High Court Patna High Court

Ram Lakhan Das And Anr. vs State Of Bihar And Ors. on 10 April, 2003

Patna High Court
Ram Lakhan Das And Anr. vs State Of Bihar And Ors. on 10 April, 2003
Equivalent citations: 2003 (2) BLJR 1045
Author: N Roy
Bench: N Roy


JUDGMENT

Narayan Roy, J.

1. Heard Counsel for the parties.

2. Both these writ applications have been heard together, as common question has arisen for consideration, and are being disposed of by this common order.

3. These writ applications are directed against the orders, as contained in Annexures 23 and 15, respectively, both dated 30th September, 2002 whereby and whereunder certain punishments have been imposed upon the petitioners on conclusion of the departmental proceedings.

4. Learned Counsel for the petitioners submitted that in the departmental proceedings the charges levelled against the petitioners were not proved and the enquiry officer, faced with this situation, exonerated these petitioners saying that prima facie involvement of the petitioners is not proved from the materials on record vide his reports, as contained in Annexures 20 and 12, respectively, and the disciplinary authority, on the contrary, held that the charges have been proved against the petitioners, and, accordingly, passed the orders of punishment, as contained in Annexures 23 and 15, respectively, without recording sufficient reasons for his difference with the enquiry reports. Learned Counsel further submits that in a situation when the enquiry officer exonerates the delinquent, the disciplinary authority may differ with same but he must assign sufficient reasons for the same and that should be reflected from the order itself.

5. Counter affidavits have been filed on behalf of the respondents in both the cases justifying the action taken by the disciplinary authority. Learned G.P. 9, with reference to the counter-affidavits, submits that even though sufficient reasons have not been assigned by the disciplinary authority while imposing punishment, an opportunity was given to the petitioners to represent their respective cases as to why they should not be punished by way of second show cause notice.

6. I have perused the enquiry reports, as continued in Annexures 20 and 12, respectively, and also the impugned orders of punishment as contained in Annexures 23 and 15. From Annexures 20 and 12, respectively, it is manifestly clear that the enquiry officer, prima facie, did not find the involvement of the petitioners. From Annexures 23 and 15, respectively, it appears that the disciplinary authority has not assigned any reason as to on what account he differed with the enquiry reports.

7. It is settled by several judgments of this Court and the Apex Court that the disciplinary authority has jurisdiction to differ with the enquiry report but while doing so, he must assign sufficient reasons and give opportunity to the delinquent to represent his case. Second part of the requirement has been complied with, as second show cause notice was given to the petitioners but the first part of the requirement has not been complied with inasmuch as the disciplinary authority has not assigned any reason on the question of difference with the enquiry reports.
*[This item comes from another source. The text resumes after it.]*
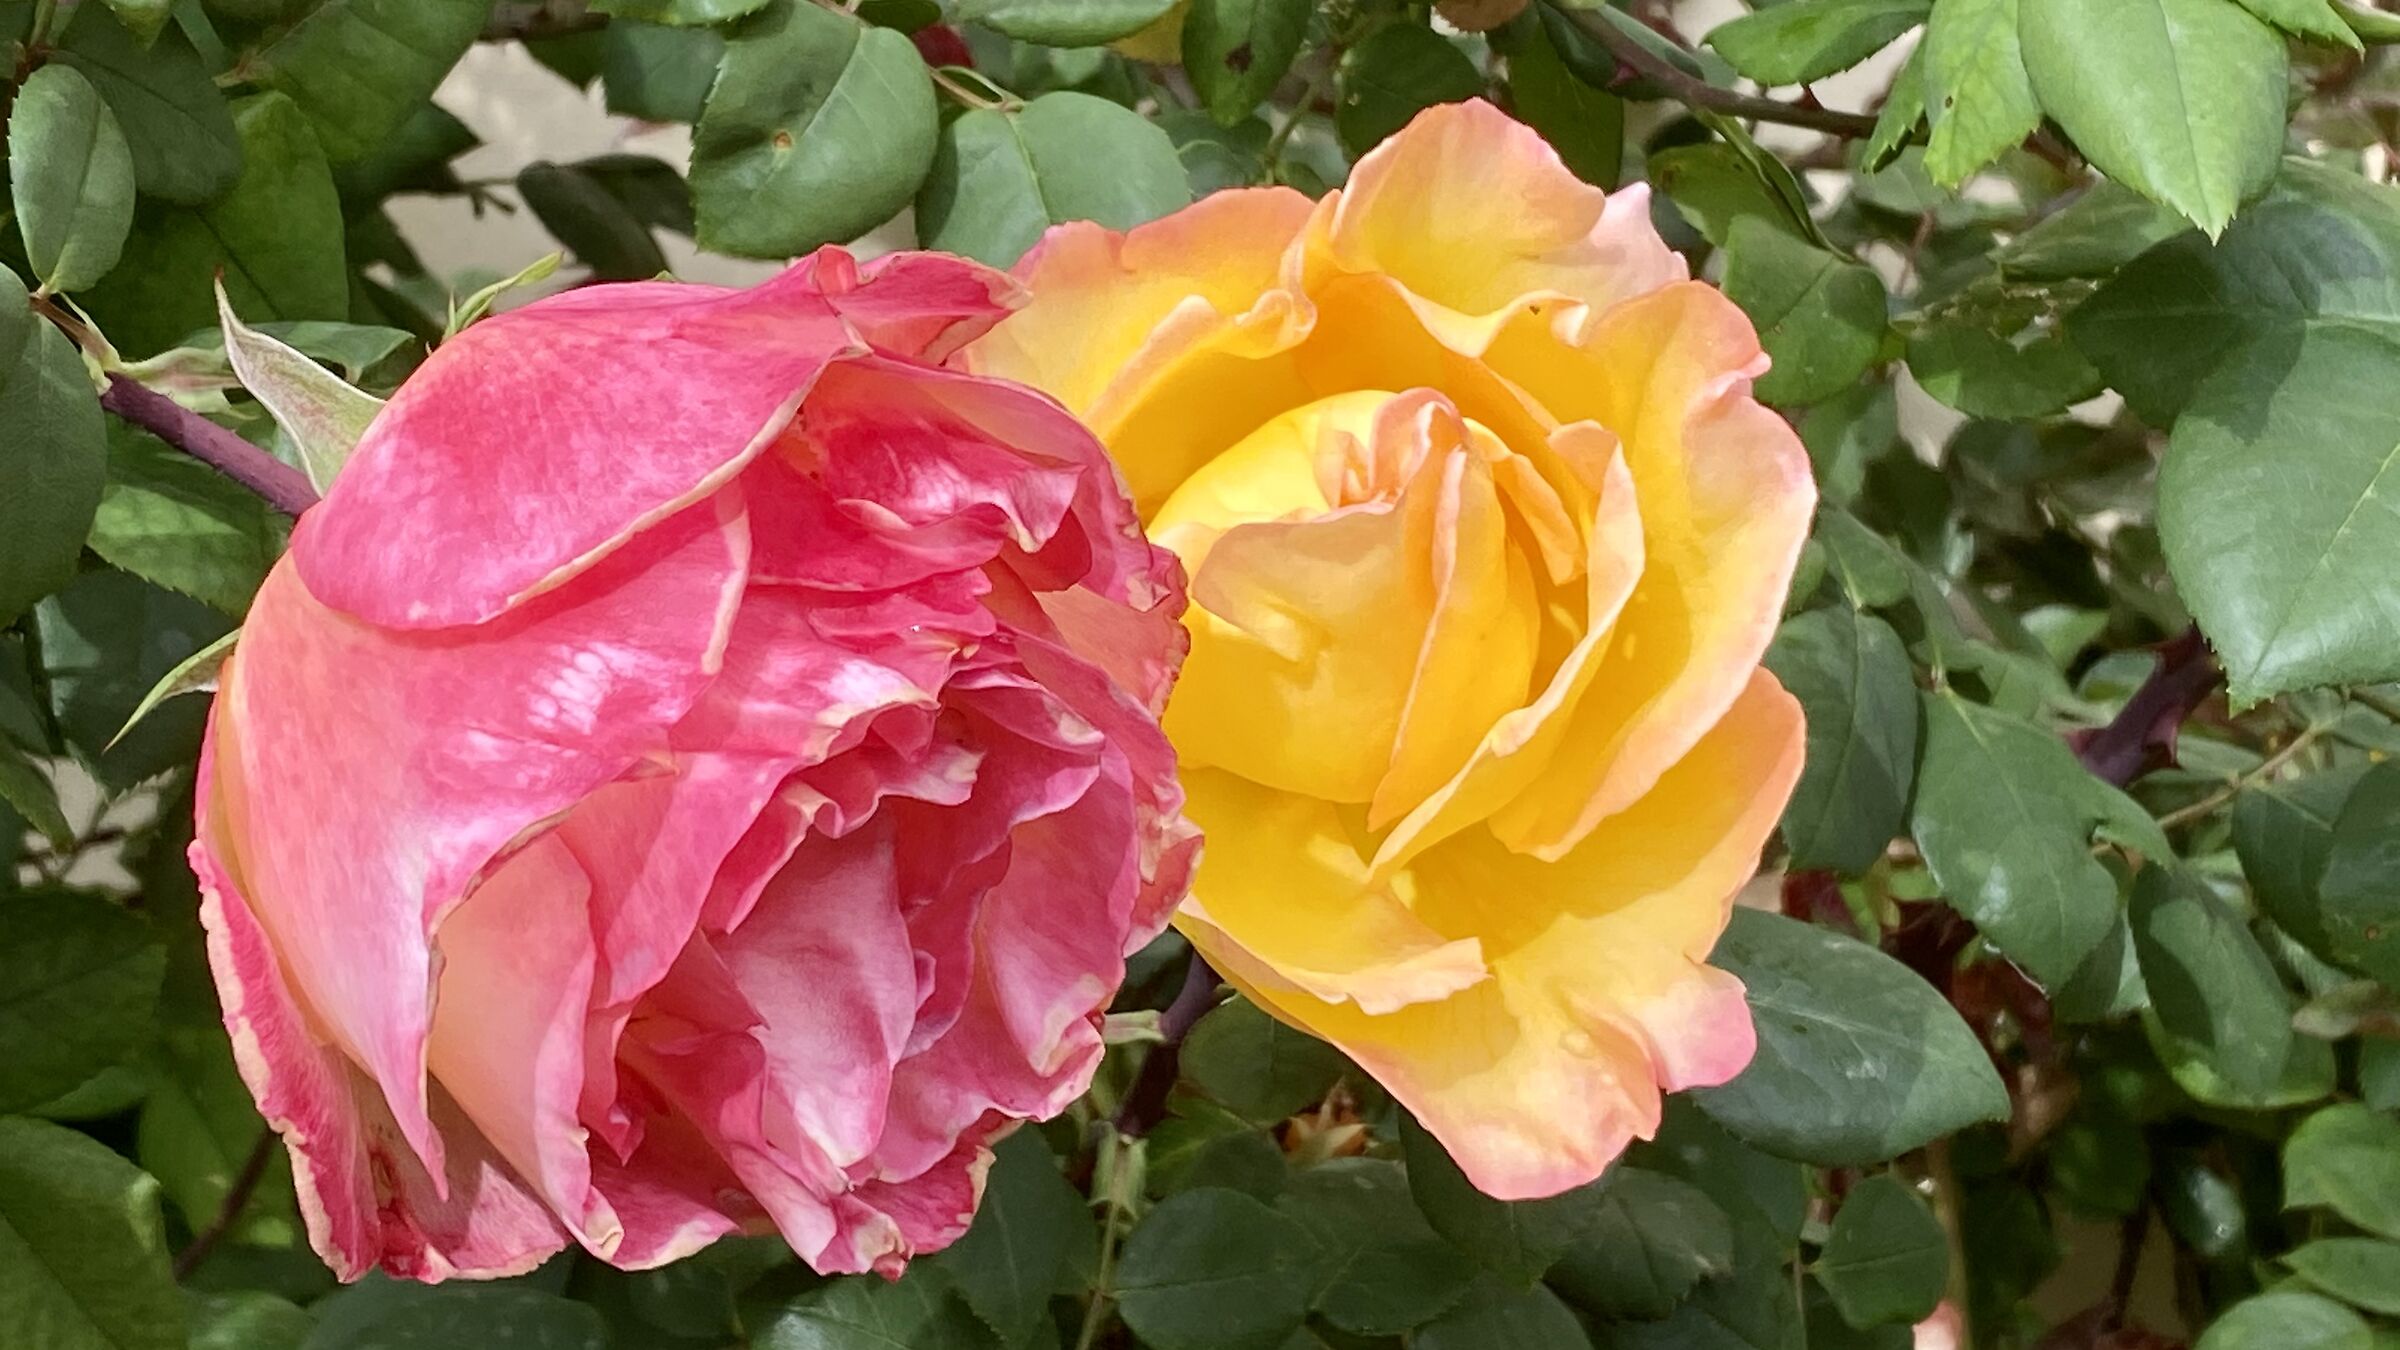 Pair of roses...

In this connection, reference may be made to the case of Punjab National Bank and Ors. v. Kunj Behari Misra, reported in 1998(7) Supreme Court Cases, 84.

8. For the reasons and discussions aforementioned, the orders impugned as contained in Annexures 23 and 15, respectively, are held to be wholly without jurisdiction and not sustainable in law.

9. In the result, these applications are allowed and the orders impugned, as contined in Annexures 23 and 15, respectively, are set aside and the matter is remitted back to the disciplinary authority to proceed with the same afresh in accordance with law.